AC-1: tile-cache-fixture is deterministic Given a clean Docker volume state When tests/fixtures/tile-cache-builder/build.sh runs twice from the same source Then both runs produce a tile-cache-fixture with identical FAISS index hash, identical manifest rows, and identical tile-filesystem byte sizes.

AC-2: tile-cache-fixture covers required footprints Given the build completes Then the manifest contains entries for all 60 still-image footprints AND the Derkachi route bbox AND the 2 paired _gmaps.png references; m/px ≥ 0.5 for every entry.

AC-3: synth-age-7mo and synth-age-13mo correctly aged Given tile-cache-fixture exists When age-injector runs with target=7mo / target=13mo Then the resulting volume has all capture_date fields set to (now - 7 mo) / (now - 13 mo) ± 1 day; tile pixel content is bit-identical to the source.
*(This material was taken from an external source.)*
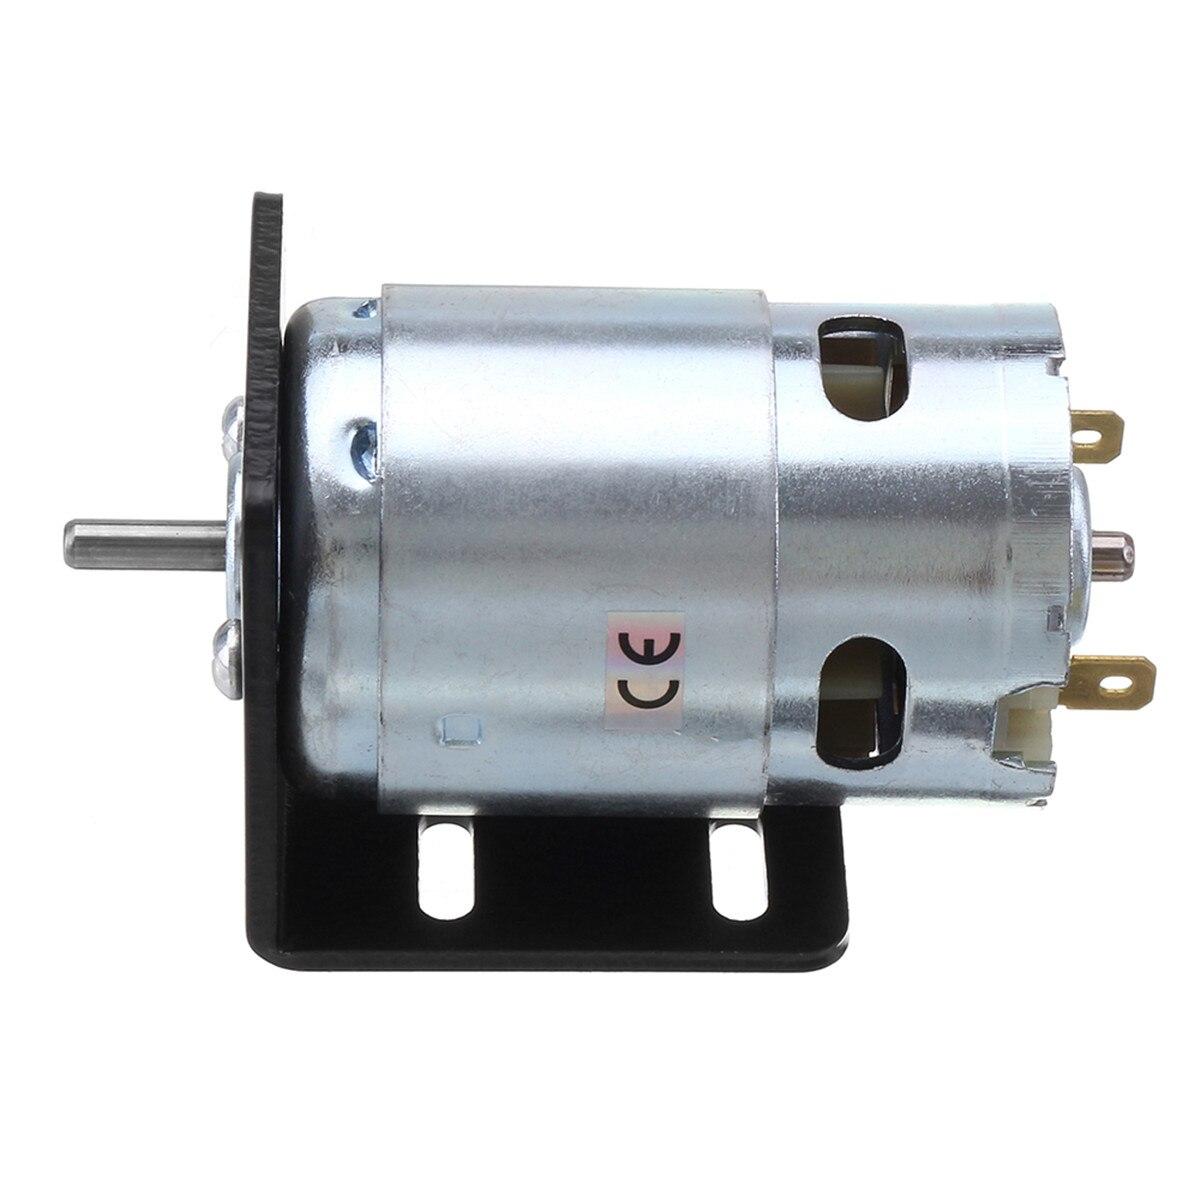 775 795 895 Motor Halterung/Getriebe Motor DC 12 V-24 V 3000-12000RPM Motor Große drehmoment Getriebe Motor

AC-4: cold-boot-fixture loads into SITL Given the JSON pose snapshot When loaded into ardupilot-plane-sitl (and separately inav-sitl) per the SITL parameter-load convention Then the SITL EKF reflects the snapshot pose within ±1 m of the JSON's lat/lon/alt fields.

AC-5: mavlink-passkey is a valid 32-byte hex secret Given mavlink-test-passkey.txt Then the file contains exactly 64 hex characters (32 bytes); the first line is # TEST ONLY — not for production use.
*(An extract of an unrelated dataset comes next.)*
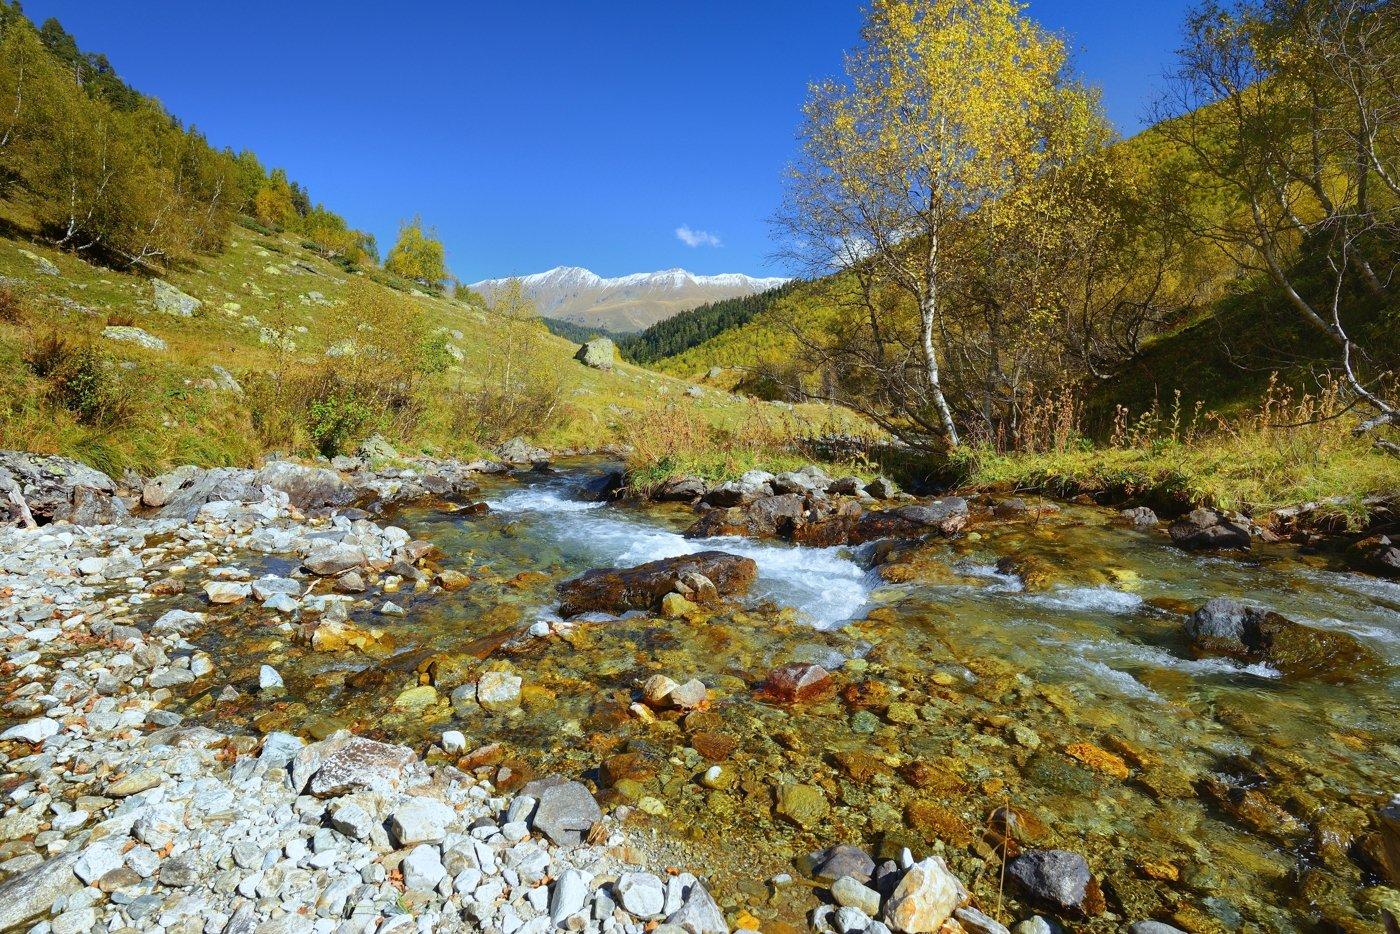 горы осень архыз утро ручей, Александр Жарников

AC-6: cve-jpeg-fixture is decodable / triggers the CVE behavior Given cve-2025-53644.jpg When fed to OpenCV ≥4.12.0 imdecode under AddressSanitizer Then no buffer-overflow / use-after-free is reported AND OpenCV either decodes the image or returns an error gracefully (no crash). When fed to a vulnerable OpenCV (≤4.11) the PoC behavior is observable.

AC-7: License + provenance documented Given each fixture Then a README.md next to it states: source URL (or "synthetic"), license, and re-distribution terms. Fixtures lacking a clear license are generated programmatically rather than checked in.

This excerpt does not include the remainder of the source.